I am trying to have my Excel VBA code read an interactive PDF (i.e. a PDF with dropdowns, calendars...etc.). I normally read PDF files by opening them in Word; however, Word removes all the interactive controls while rendering the file (e.g. a calendar control gets completely removed...along with its value).
I know that I can "flatten" the PDF by opening it in Adobe Acrobat Reader (or any browser) and printing it to a PDF (thus replacing all the controls with their selected values). The question is how do I do this programmatically in VBA. I know there are thousands of questions on S.O. about this topic; but, all of the answers either require installing Adobe Acrobat Pro, using a third-party installed application (e.g. CutePDF), submitting the file to an online API, or most commonly, using SendKeys or Win32 API calls to interact with the "Save As" dialog box that appears. The code I am writing will be distributed to multiple users; so, any additional application installations is out of the question (both Acrobat Pro and other third-party conversion tools). The files contain proprietary data; so, an online API is out as well. As far as SendKeys or SendMessage is concerned...frankly, there's got to be a better way.

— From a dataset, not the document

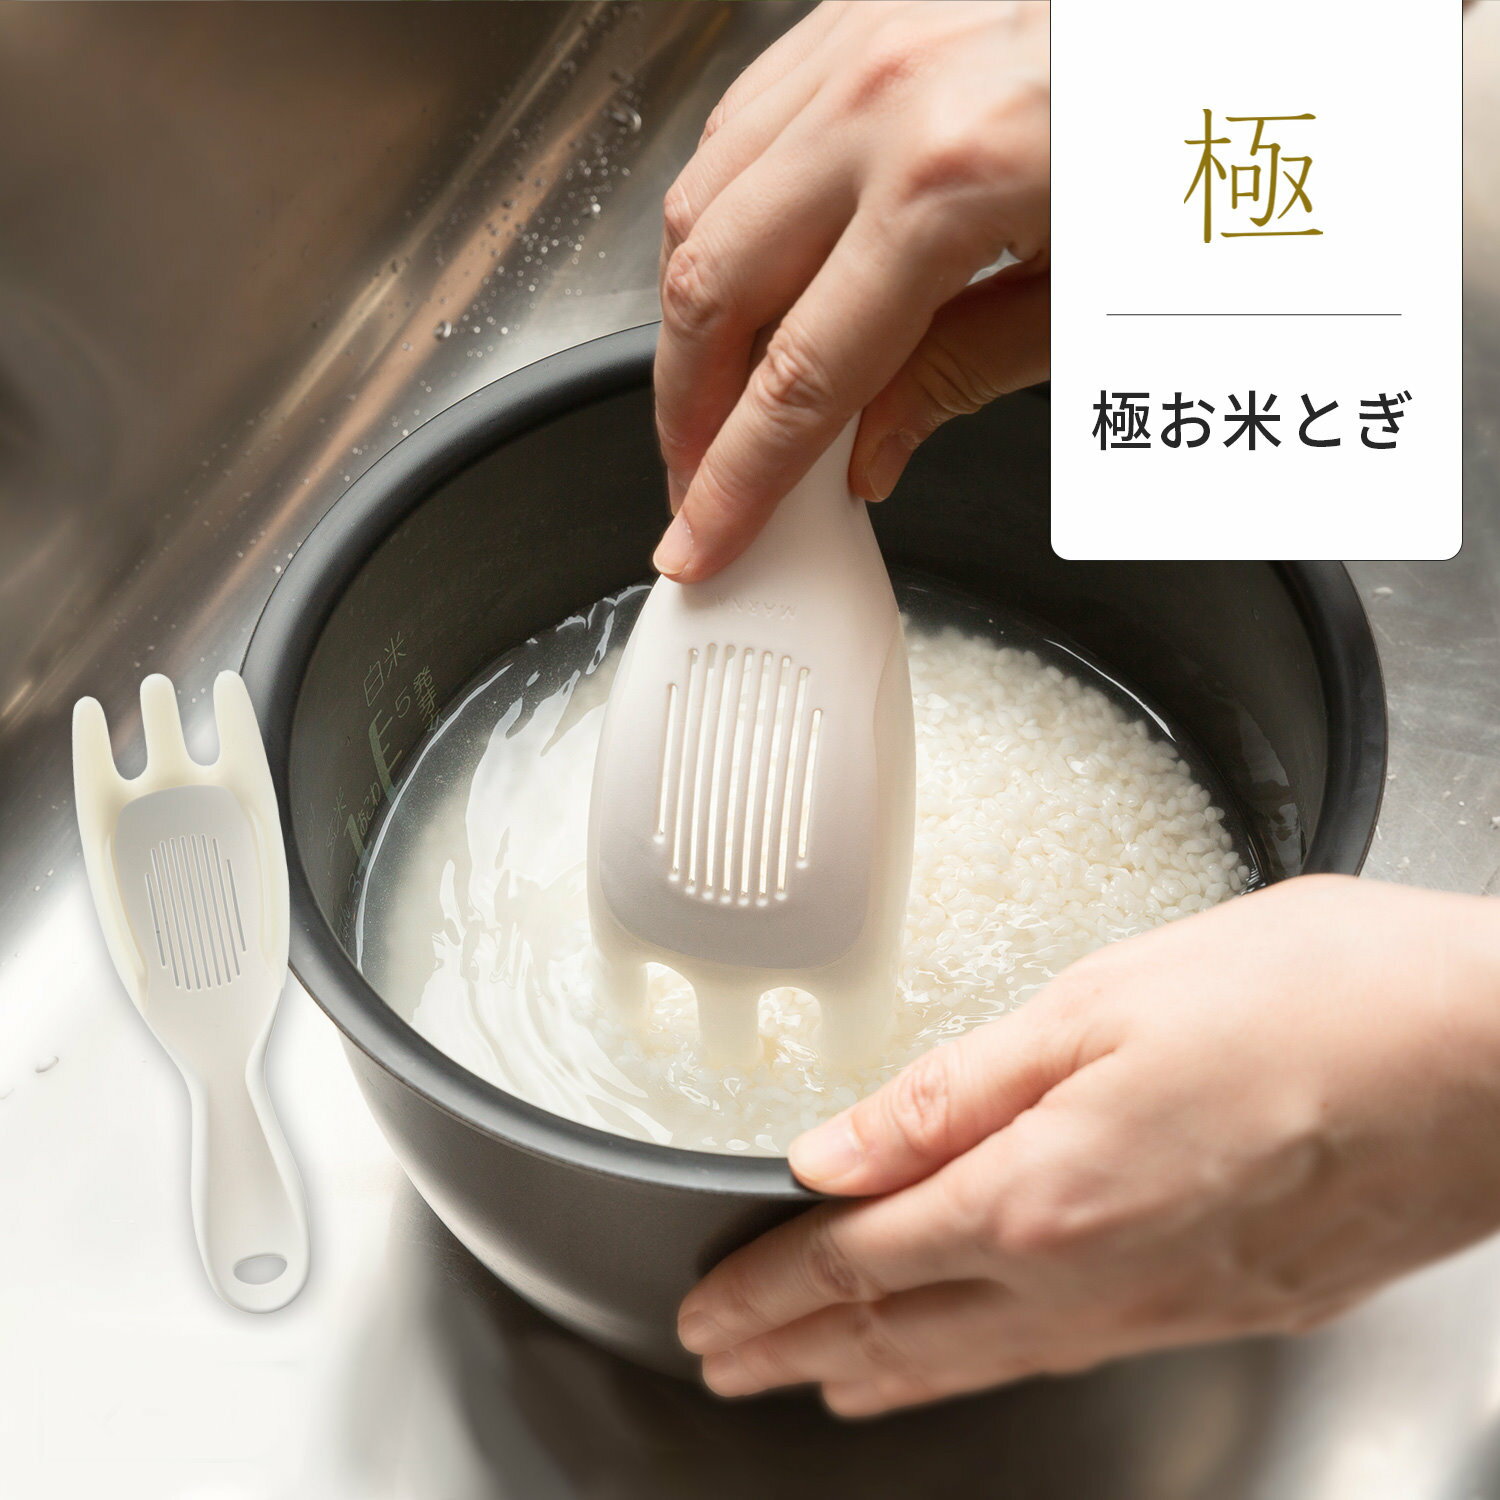 asdfkitty*日本MARNA 三叉型軟式洗米器含瀝水網-洗米.不傷手 瀝水洗米器-綠豆.紅豆也可洗-日本正版商品

I've tried numerous methods including Chrome's headless "print-to-pdf"; but it appears that only accepts HTML files (I even tried embedding the PDF into an HTML file but it still did not work). The closest I've gotten is by using the below code to send data directly to the "Microsoft Print to PDF" driver (it's based on the process described here). The code successfully creates a PDF file...but it's a zero byte file. It seems that the data read from the input file is not being properly accepted by the "WritePrinter" function (although no error occurs). Although the documentation of the "WritePrinter" function states that the "pBuf" parameter should be a byte array, the person who asked this question was passing a string and getting it to work (understanding that they were not trying to print to a GDI printer). My code still just produces a blank PDF file if I convert the byte array to a string or even just read the contents of the input file using FSO's "ReadAll" method. It is also worth nothing that the return value of the "WritePrinter" function is "1" and the value of the "pcWritten" output is the correct number of bytes...it's just that the PDF file that is produced has a file size of 0 bytes.
So, can anyone figure out how to get the "WritePrinter" function to accept the data being read from the input file?
By the way, an enormous gold star to anyone who can figure this out because, based on my research, the internet is begging for a way to do this without using Acrobat Pro or having to interact with the "Save As" dialog!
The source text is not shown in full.